Hi also ich habe folgendes Problem: Ich arbeite gerade an einem Chat Programm und möchte das alles was geschrieben wird und somit auf dem JLabel angezeigt werden soll in einer einzelnen zeile bzw bei längeren Texten als eine Zeile ein zeilenumbruch entsteht. Mi der  Suchfunktion bin ich nur teilweise fündig geworden.
Dort wurde immer html benutz oder derAutomatische zeilenumbruch der JTextArea.
Da aber in den Verlauf nichts geschrieben werden sollte wollte ich halt ein JLabel vewenden.Also wie geht das am einfachsten eine neue Zeile ohne html anzufangen und einen automatischen Zeilenumbruch im JLabel zu realisieren.
MFG bigboombang


----------



## flashray (19. April 2006)

Hallo,



			
				big_boom_bang hat gesagt.:
			
		

> Da aber in den Verlauf nichts geschrieben werden sollte wollte ich halt ein JLabel vewenden.
> MFG bigboombang



Was meinst du mit "in den Verlauf nichts geschrieben werden soll"?


Vg Erdal


----------



## flashray (19. April 2006)

Ohne HTML wird es schwierig werden, da müsstest du dann einige Funktionen des JLabels überschreiben, da meines Wissens ein JLabel ein automatisches umbrechen nicht unterstüzt.
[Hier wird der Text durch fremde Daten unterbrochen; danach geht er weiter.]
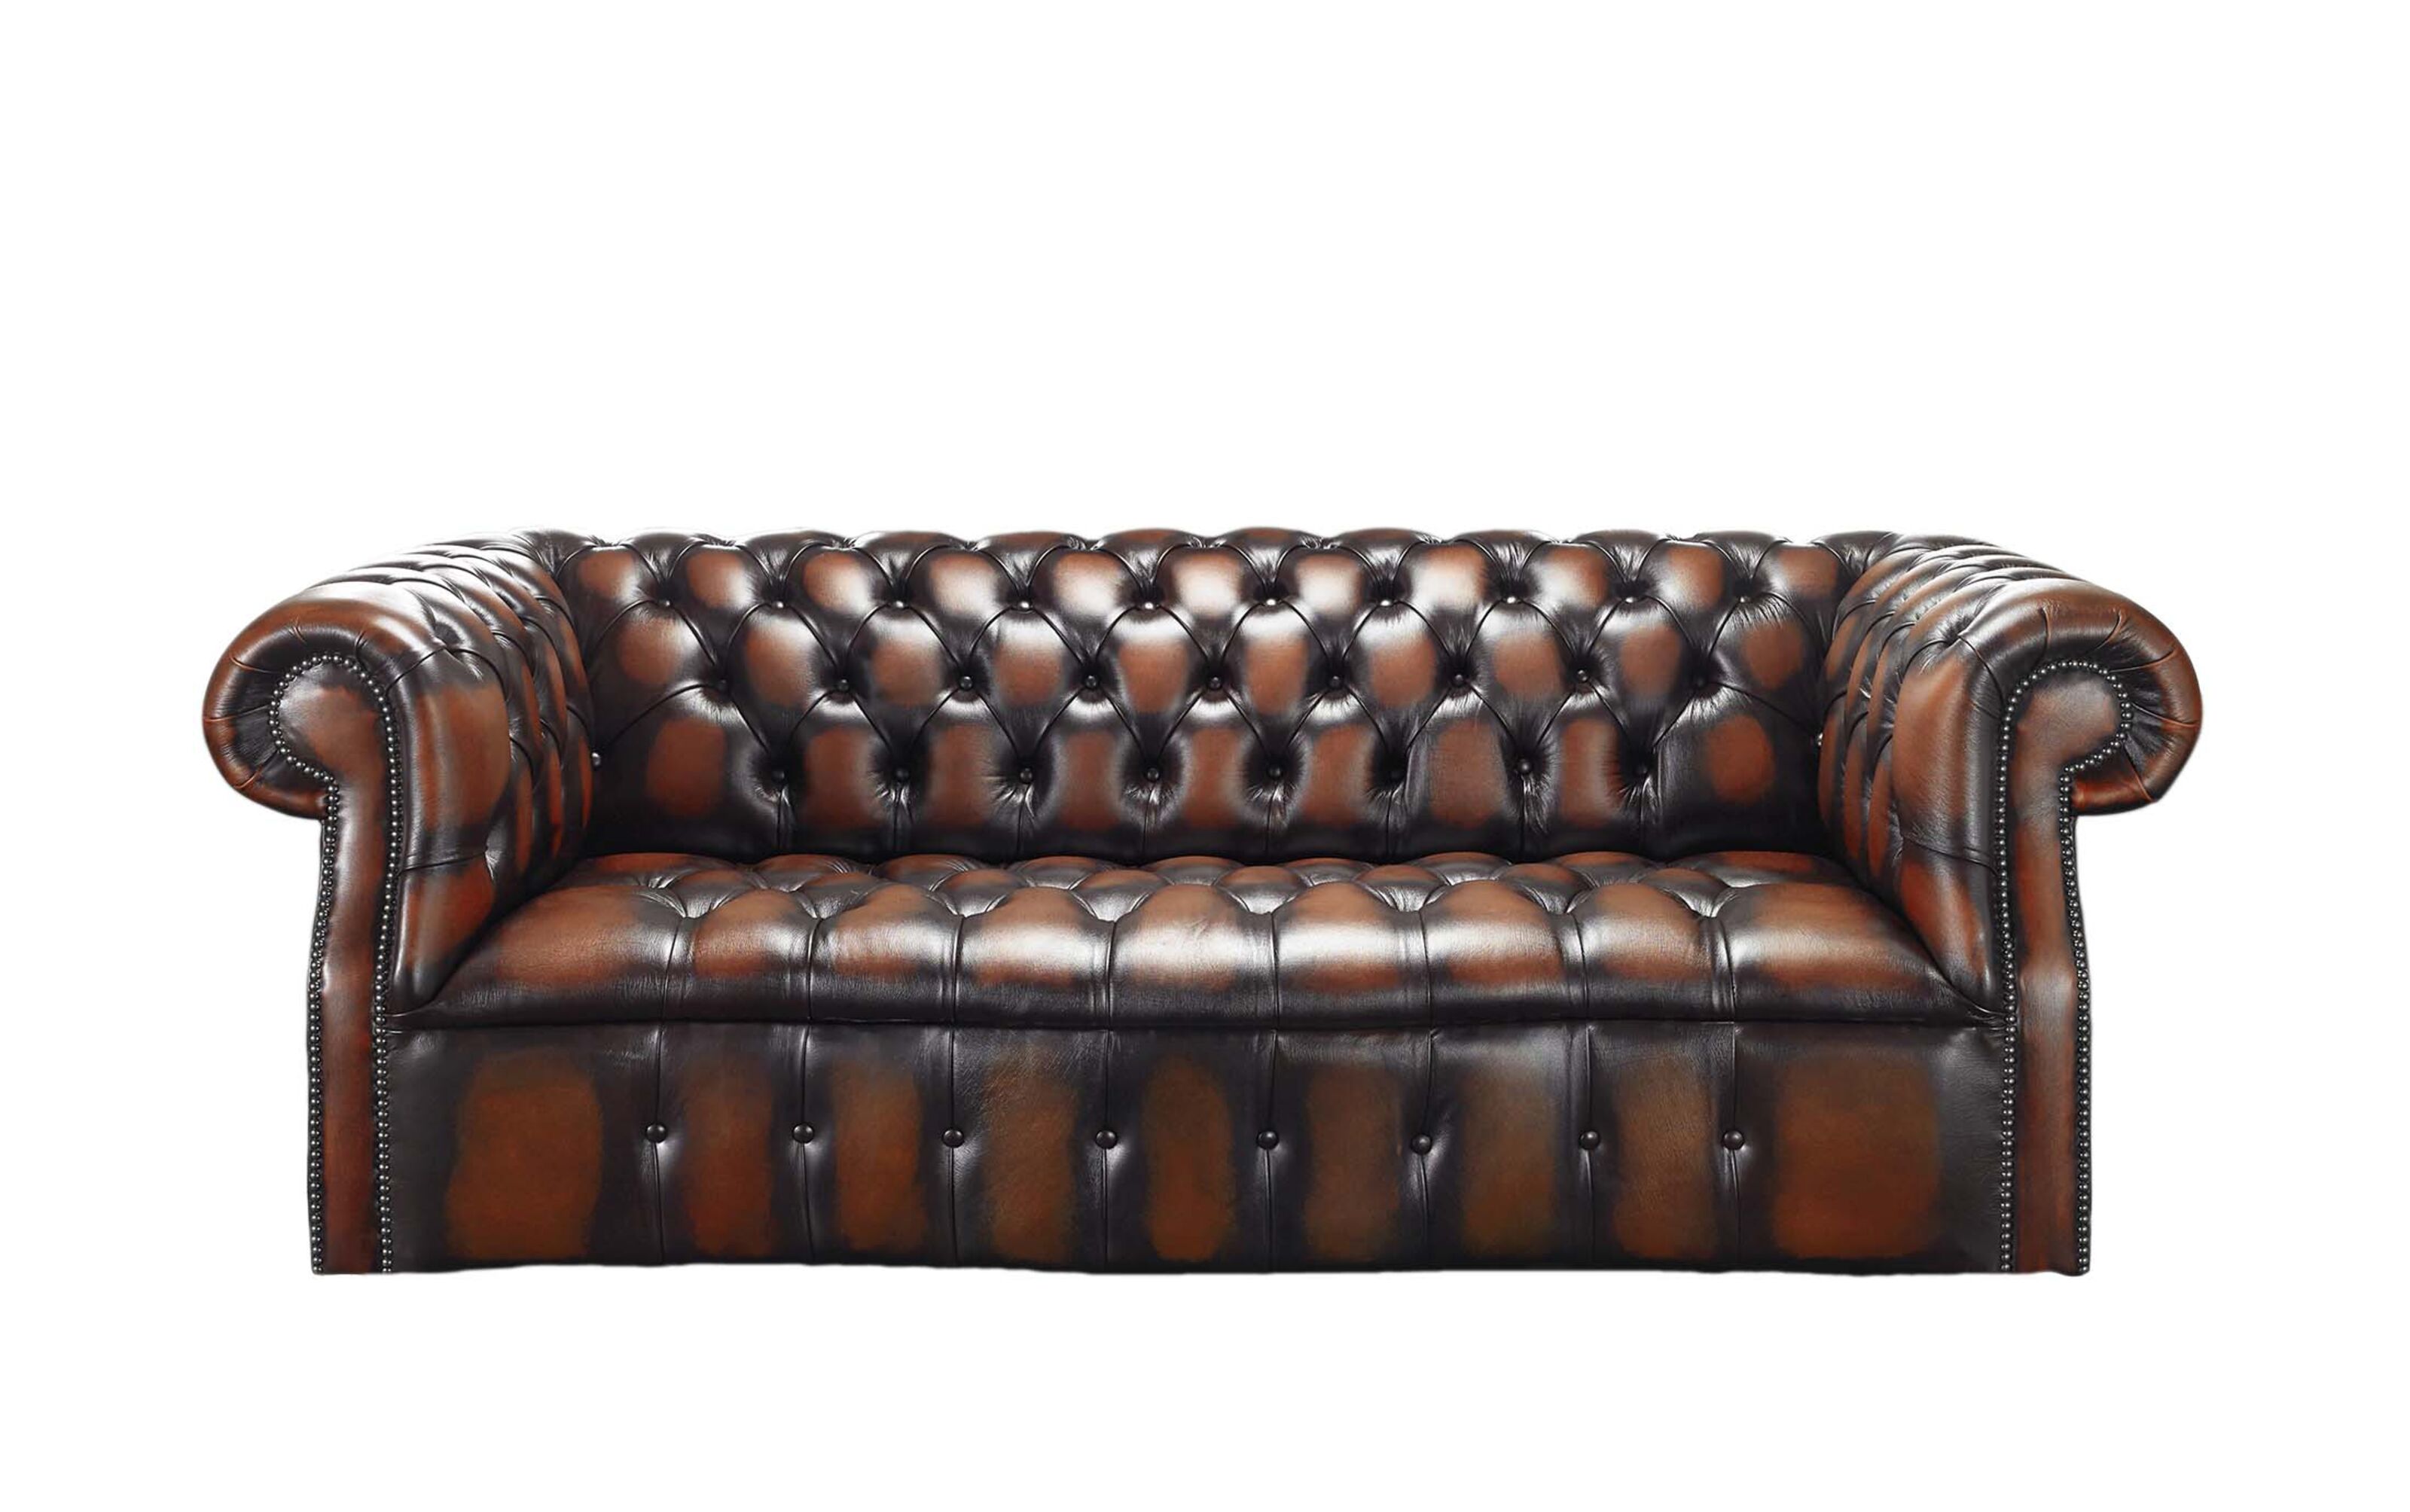 Discover Tranquility with a Classic Chesterfield Sofa  %Post Title

Du hast drei alternativen:
1.
Du nimmst ein JTextArea: Probier doch einfach mal das zweite Beispiel WrappedLabelExample mit der Inneren Klasse WrappedLabel:
http://www.tutorials.de/forum/swing-awt-swt/241177-jlabel-mit-mehreren-zeilen.html

2.
Oder du nimmst HTML. Was steht den eigentlich dagegen, dass du kein HTML verwenden möchtest?

3.
Oder du nimmst ein fertiges Workaround. Es gibt im Web diesbezüglich ein paar Ansätze. Suche  einfach mal nach multiplelines jlabel oder multiline JLabel.


Vg Erdal


----------



## big_boom_bang (20. April 2006)

Hi also mit "Verlauf" meinte ich das wo der Geschriebene Texdt nacher unveränderbar steht bei einer Text Area kann ich aber den geschriebenen Text löschen. zwar kann dieser in einen String gespeichert werden und bei jeder Änderung neu in die TextArea geschrieben werden oder kann ich die TextArea sozusagen auf "unveränderbar " stelen also das nur das Programm den Text ändern kann?
MFG bigboombang


----------



## flashray (20. April 2006)

Hallo BigBoomBang,

probier das mal hier mal aus, das müsste deinen Wünschen genügen.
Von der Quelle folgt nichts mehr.